The flow of the app will look like this:
a. The user types in a keyword that they’re interested in, and the app finds relevant textbooks.
b. They select the textbook and chapter they want to use.
c. The app displays a question relevant to the chapter.
d. The user answers the question.
e. The app gives a numerical score for how well the user answered the question.

Being the NLP specialist on the team, you are in charge of figuring out what is needed to create parts a, c, and e.

Question 1: Define the tasks (10 points)

You know about the following tasks, but you forget exactly what they do.

  1. Document Ranking
  2. Information Extraction
  3. Part-of-Speech Tagging
  4. Question Answering
  5. Relation Extraction
  6. Semantic Role Labelling
  7. Sentence Boundary Disambiguation
  8. Sentence Similarity
  9. Summarization
  10. Text segmentation

For this question, look up each of these NLP tasks, find a source that gives a definition, and give a direct quote of what your source said (and, of course, include where you found it).

For example, if I was defining what UMBC is:
UMBC: “University of Maryland, Baltimore County (UMBC) is a top-ranked national university with an inclusive culture that connects innovative teaching and learning, research across disciplines, and civic engagement.” (UMBC, https://umbc.edu/about/)

Please note that you will be graded on the accuracy of your definition, so make sure your source is reliable.
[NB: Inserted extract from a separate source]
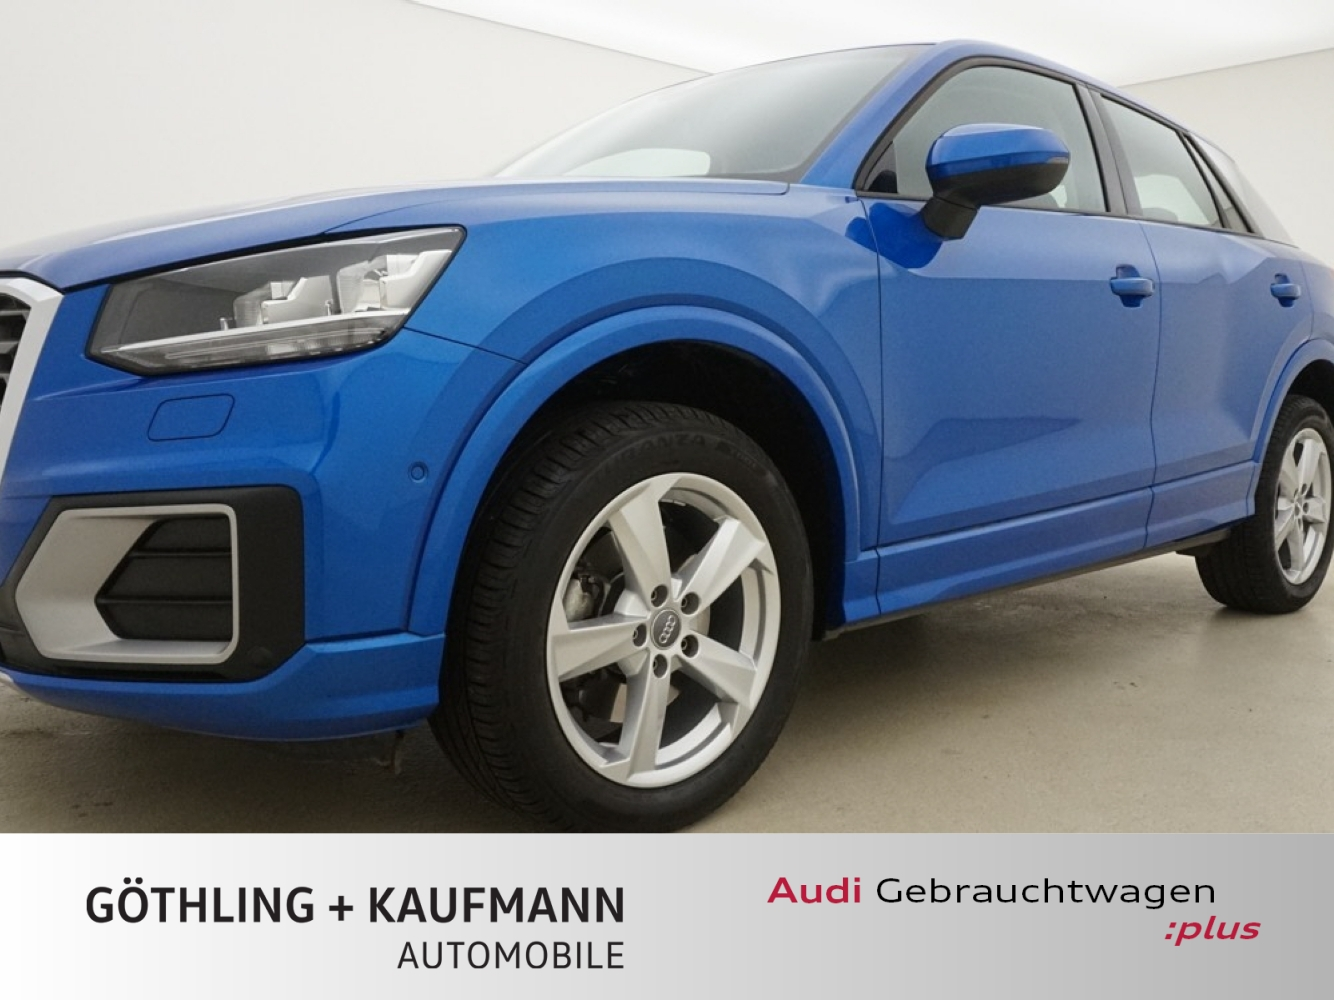 Audi Q2 1.4 TFSI Sport S tro.110kW*ACC*Kamera*Navi*Bl, Jahr 2017, Benzin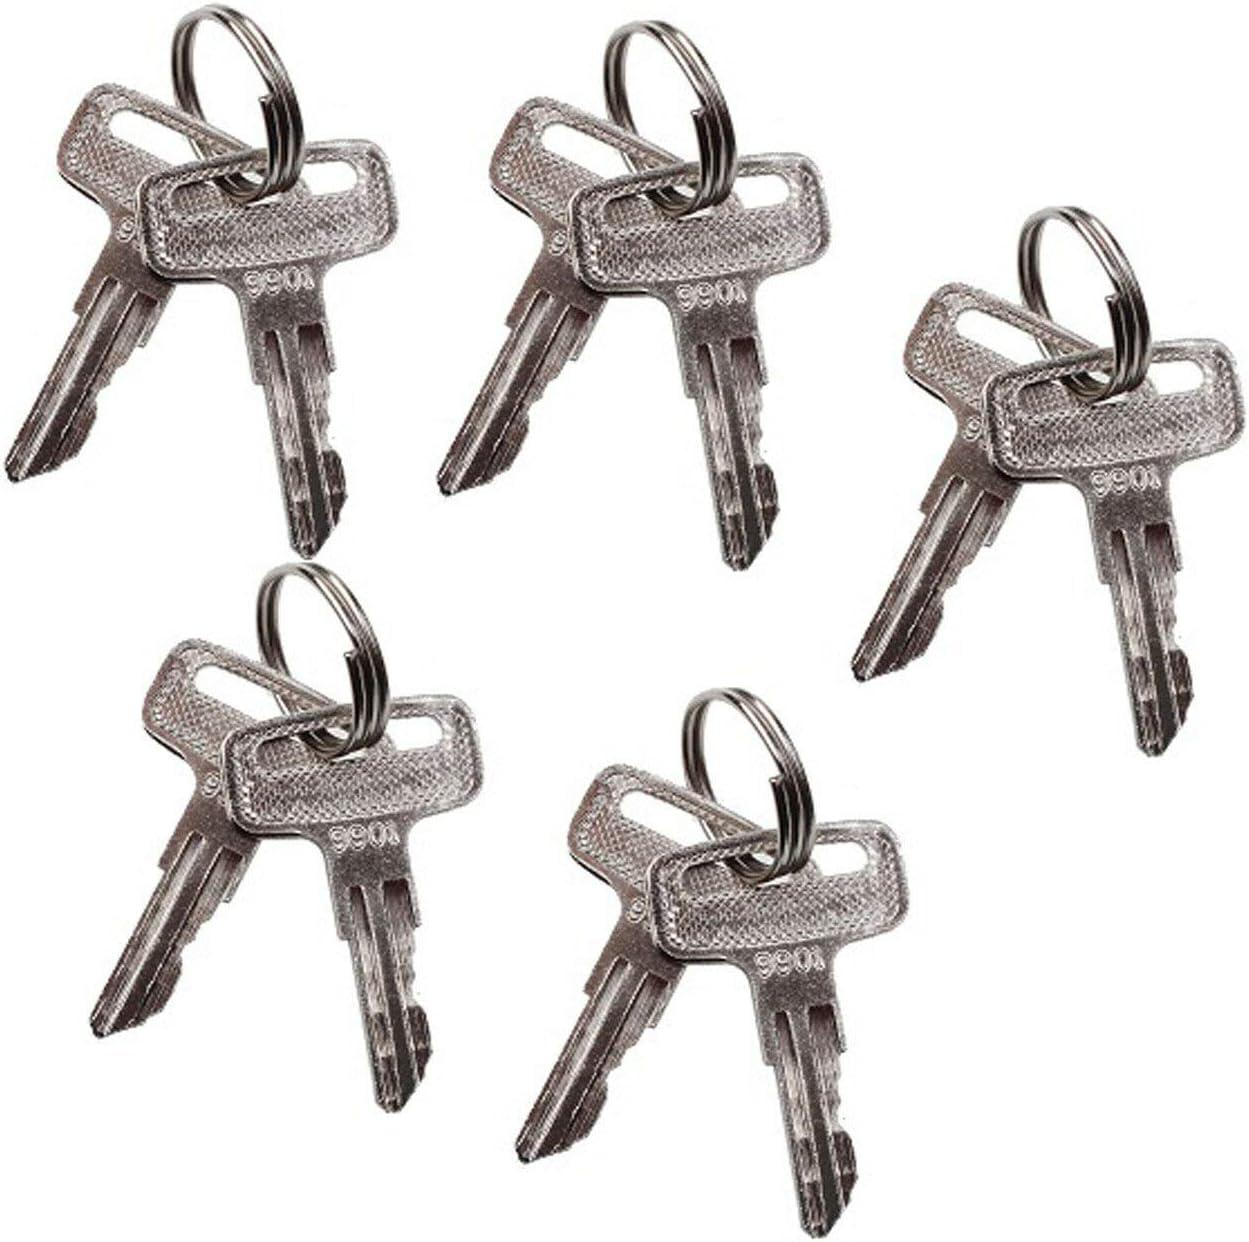 FridayParts 5 Pairs Ignition Key 9901 for JLG Manlift JLG Lifts 2033E3 1932E3 1532E2 1932E2 2632E2 3246E2 2032E2 2646ES

Important: You will get zero (0) points for this if you do not reference your sources.

Question 2: Select what task(s) are right for each step (18 points, 6 for each part)

There are no particular “right” answers that we are looking for. However, whatever you decide to pick, you must 1) explain why it would be a good fit (2 pts each) and 2) explain what would be the inputs (2 pts each) & outputs (2 pts each) to a model for the task. Select and motivate your selection for each of a, c, and e from the app description. (Do not do b or d.) You can use 1 or more tasks for each part.

Remember, you are using this corpus of textbooks. Give concrete examples of how your ideal inputs and outputs would look using this data! If you need any other data for your tasks, explain what that dataset might look like—you don’t have to actually find it. For example, if I was training an image recognition model, the inputs would be the images and the outputs would be class labels for what object is in the image.

Question 3: Draw a diagram (5 points)

Now that you have all of the components, draw a flow diagram of where the data is coming from and going to, what processes you have to do (nodes with your chosen tasks), and how the data would be transformed. Include all steps a-e. You will be graded on whether it includes all the steps and clearly conveys the information.

You can draw your diagram in any app you want. Diagram apps I use often are MS Powerpoint and draw.io. No hand-drawn diagrams, please.

Grading

  • Question 1 - 10 points
  • Question 2 - 18 points
  • Question 3 - 5 points